§ Work instructions:
Return the data below exactly, please, but drop the pictures.

§ Data:
+--

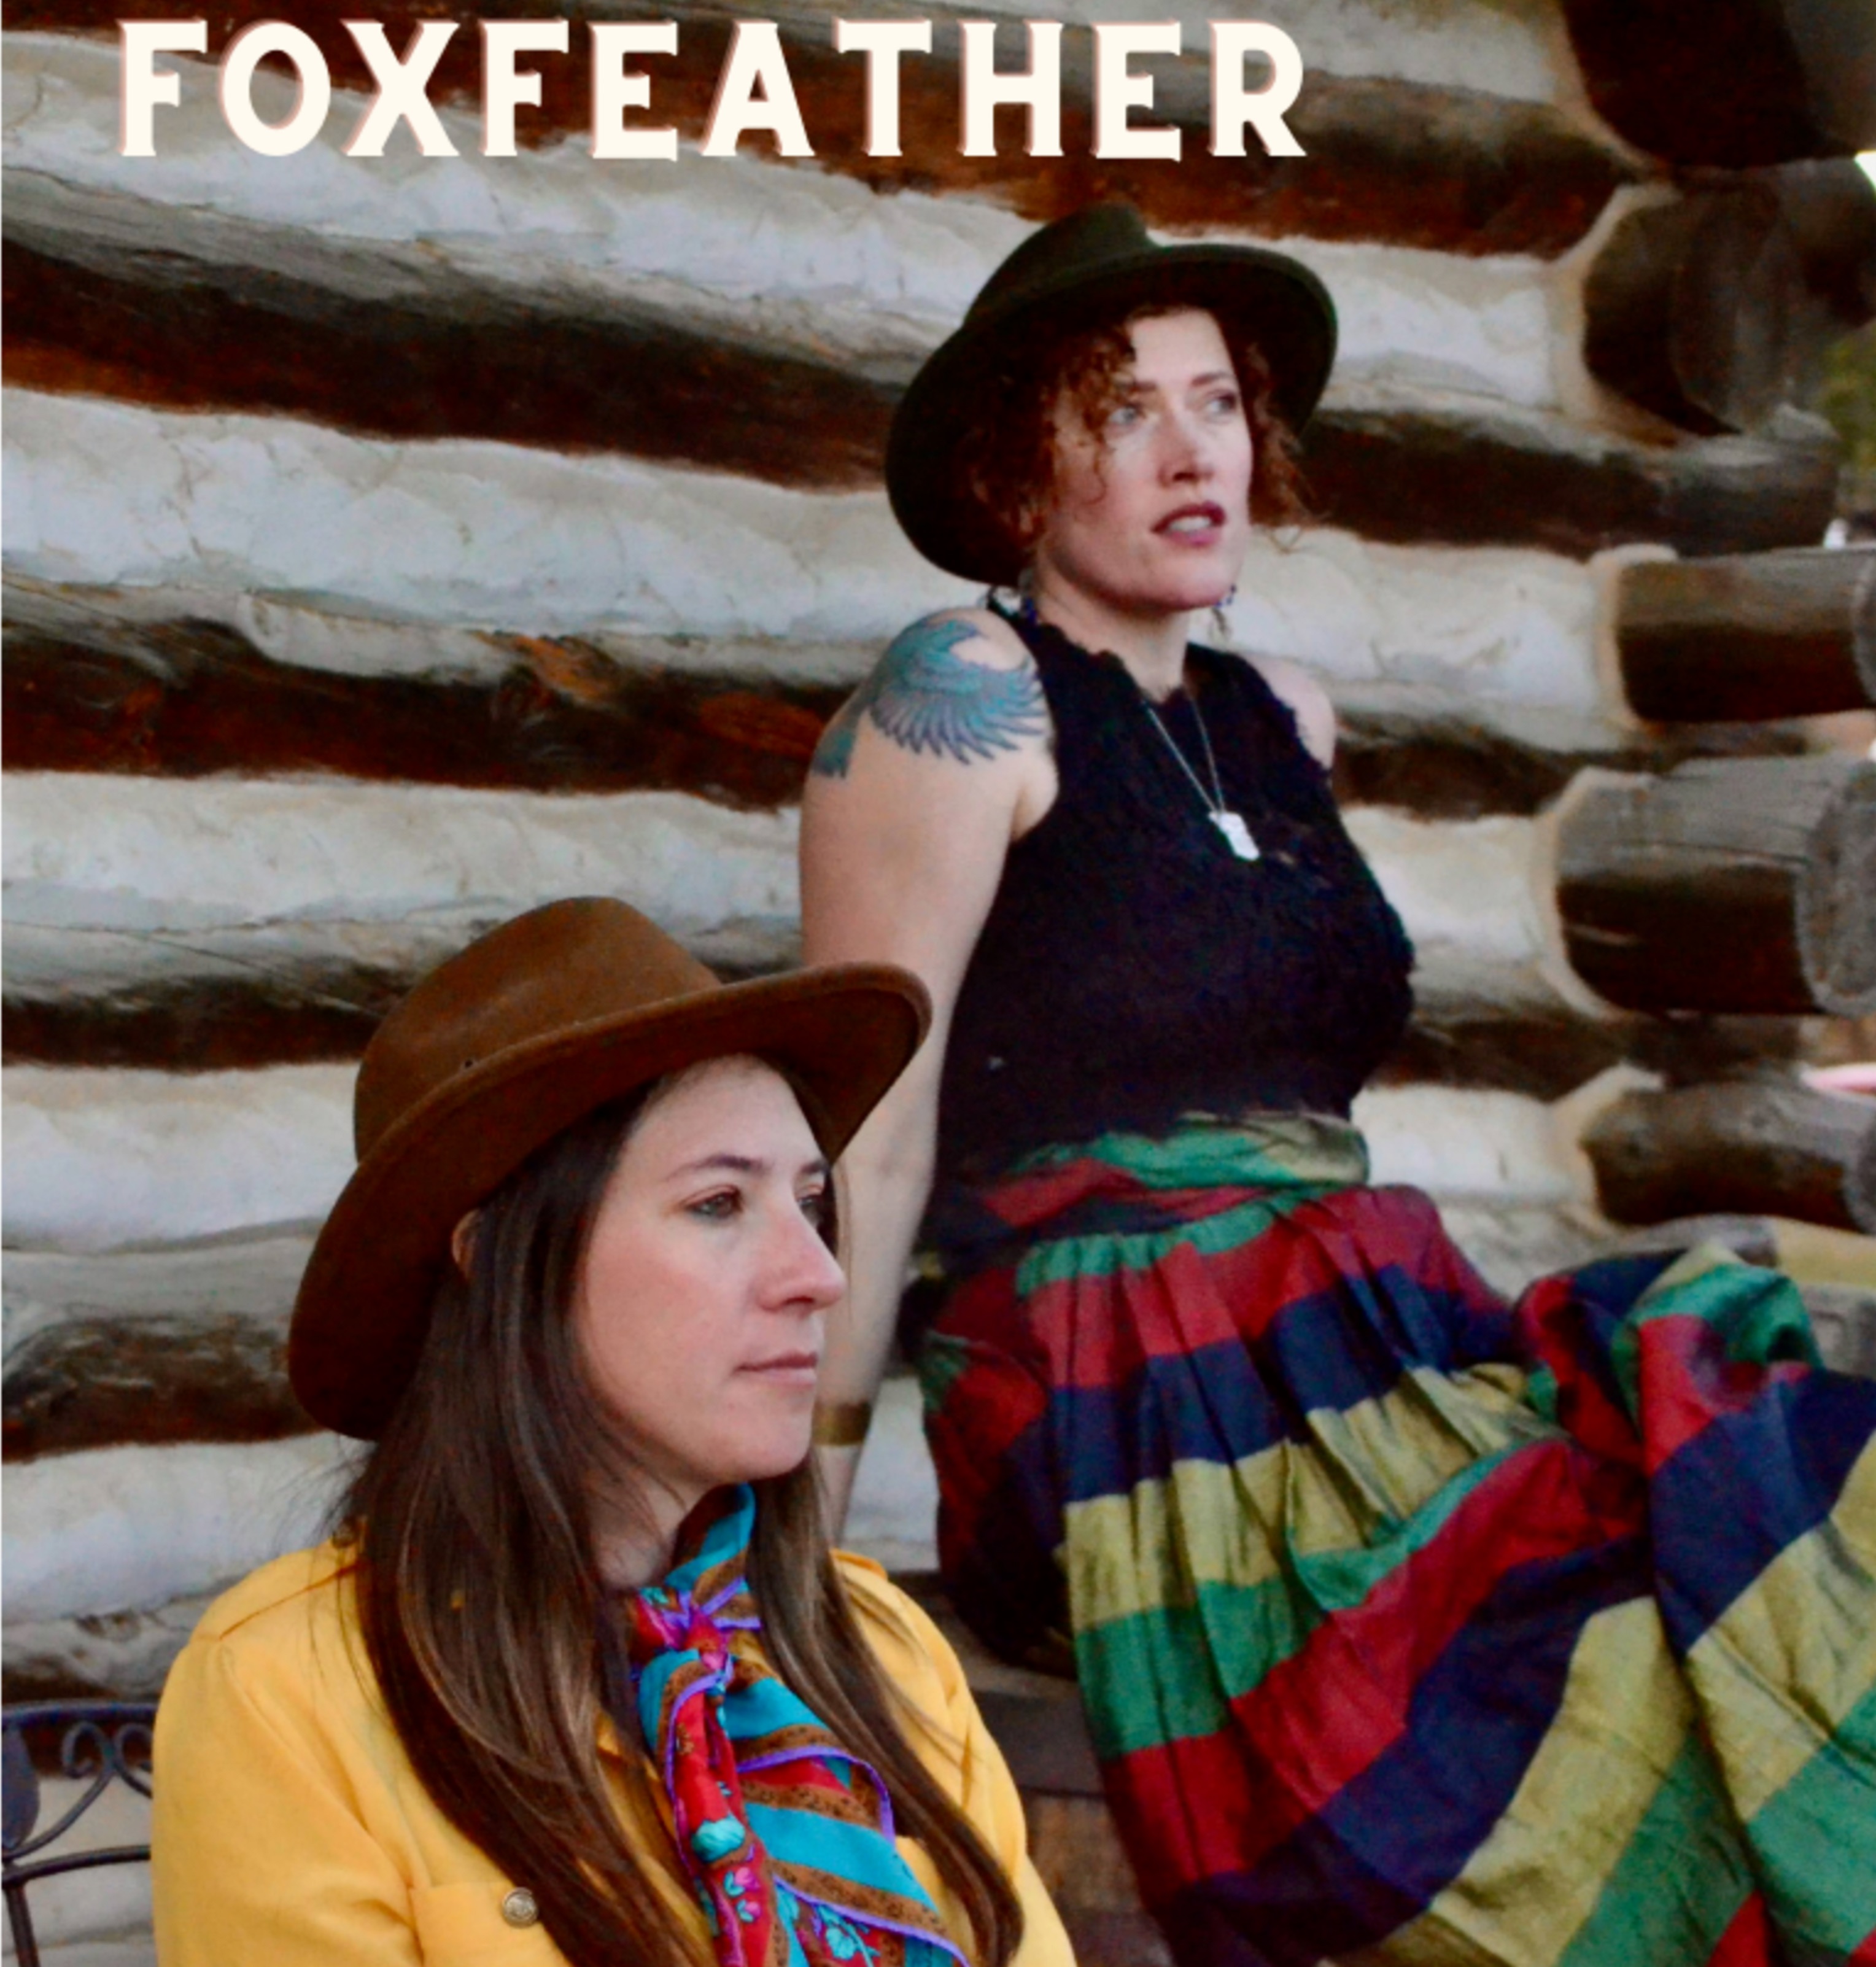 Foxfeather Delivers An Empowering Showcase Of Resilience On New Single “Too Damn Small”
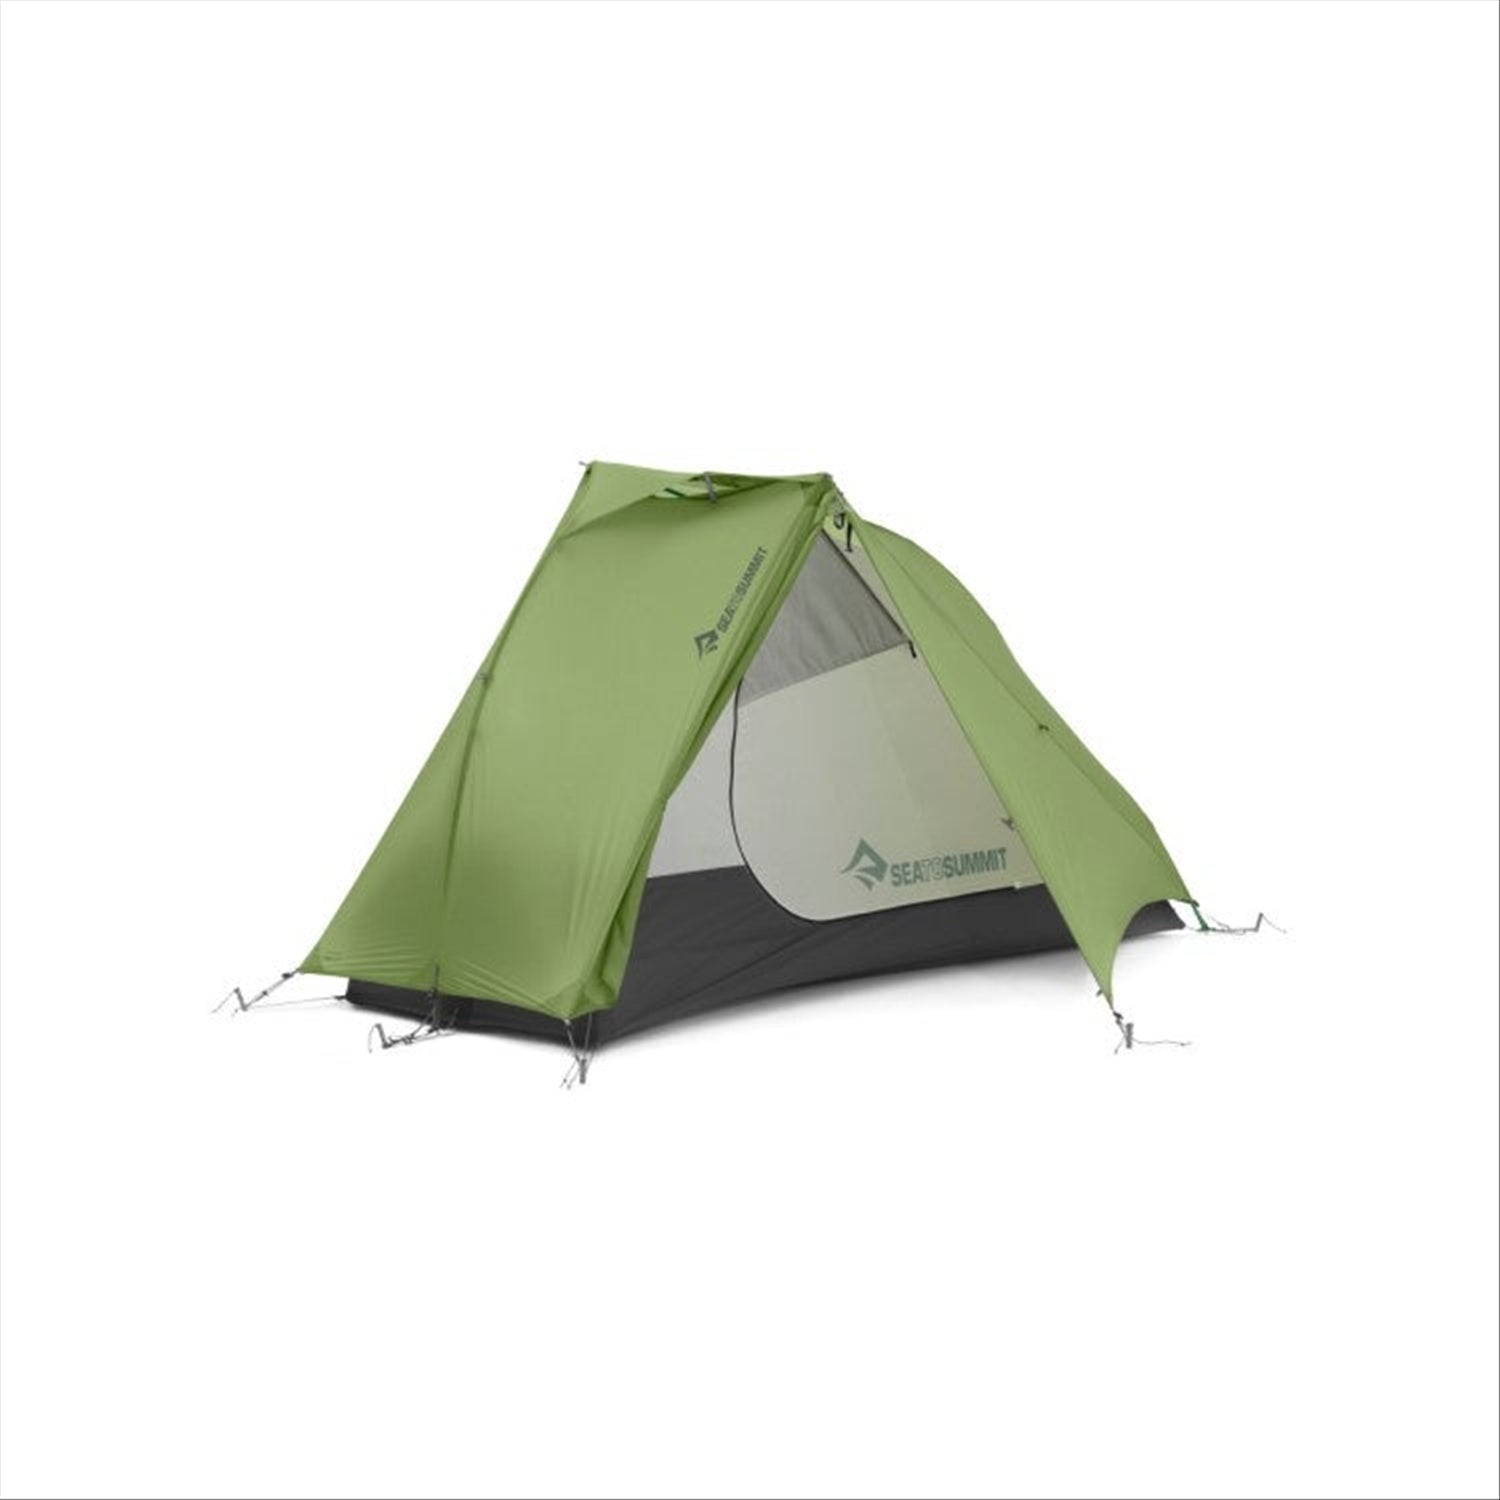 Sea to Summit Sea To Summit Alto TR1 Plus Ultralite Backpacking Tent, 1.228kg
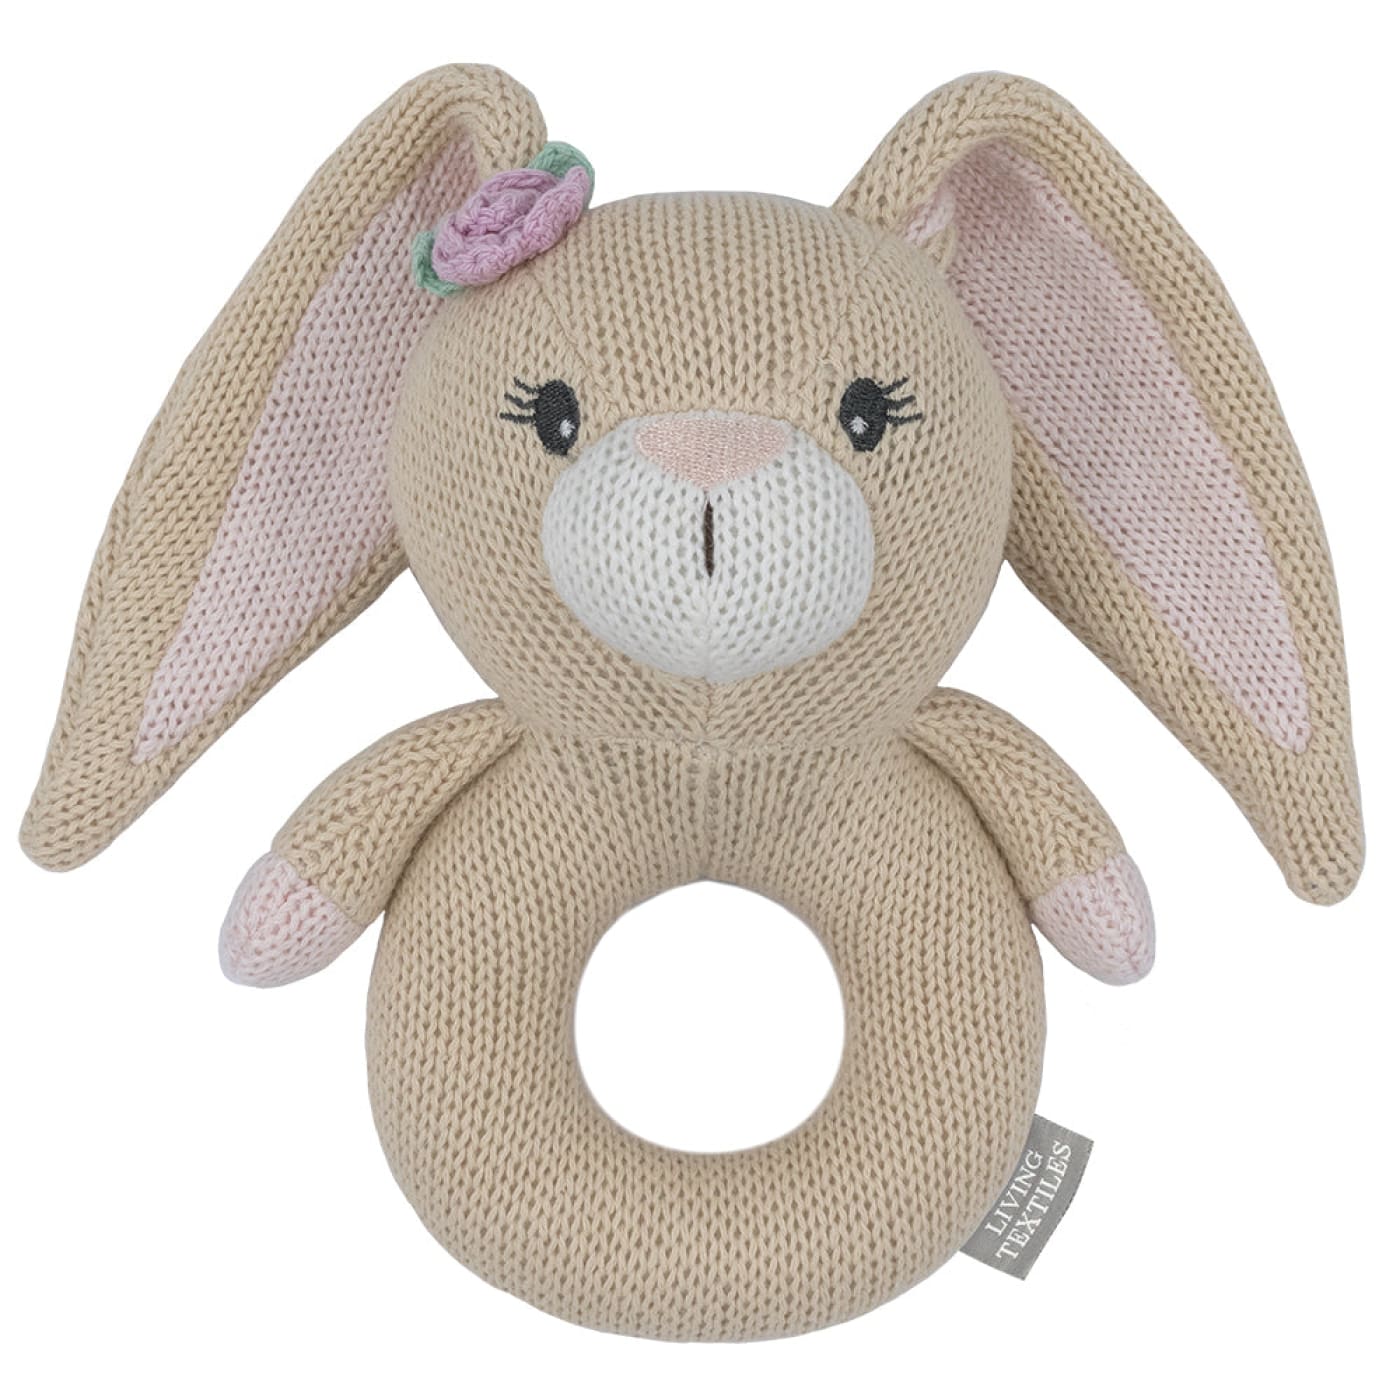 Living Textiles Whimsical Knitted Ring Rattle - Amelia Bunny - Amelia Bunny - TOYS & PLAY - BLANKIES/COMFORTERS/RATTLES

+--

§ Exercise result:
 Foxfeather Delivers An Empowering Showcase Of Resilience On New Single “Too Damn Small”
 Sea to Summit Sea To Summit Alto TR1 Plus Ultralite Backpacking Tent, 1.228kg
 Living Textiles Whimsical Knitted Ring Rattle - Amelia Bunny - Amelia Bunny - TOYS & PLAY - BLANKIES/COMFORTERS/RATTLES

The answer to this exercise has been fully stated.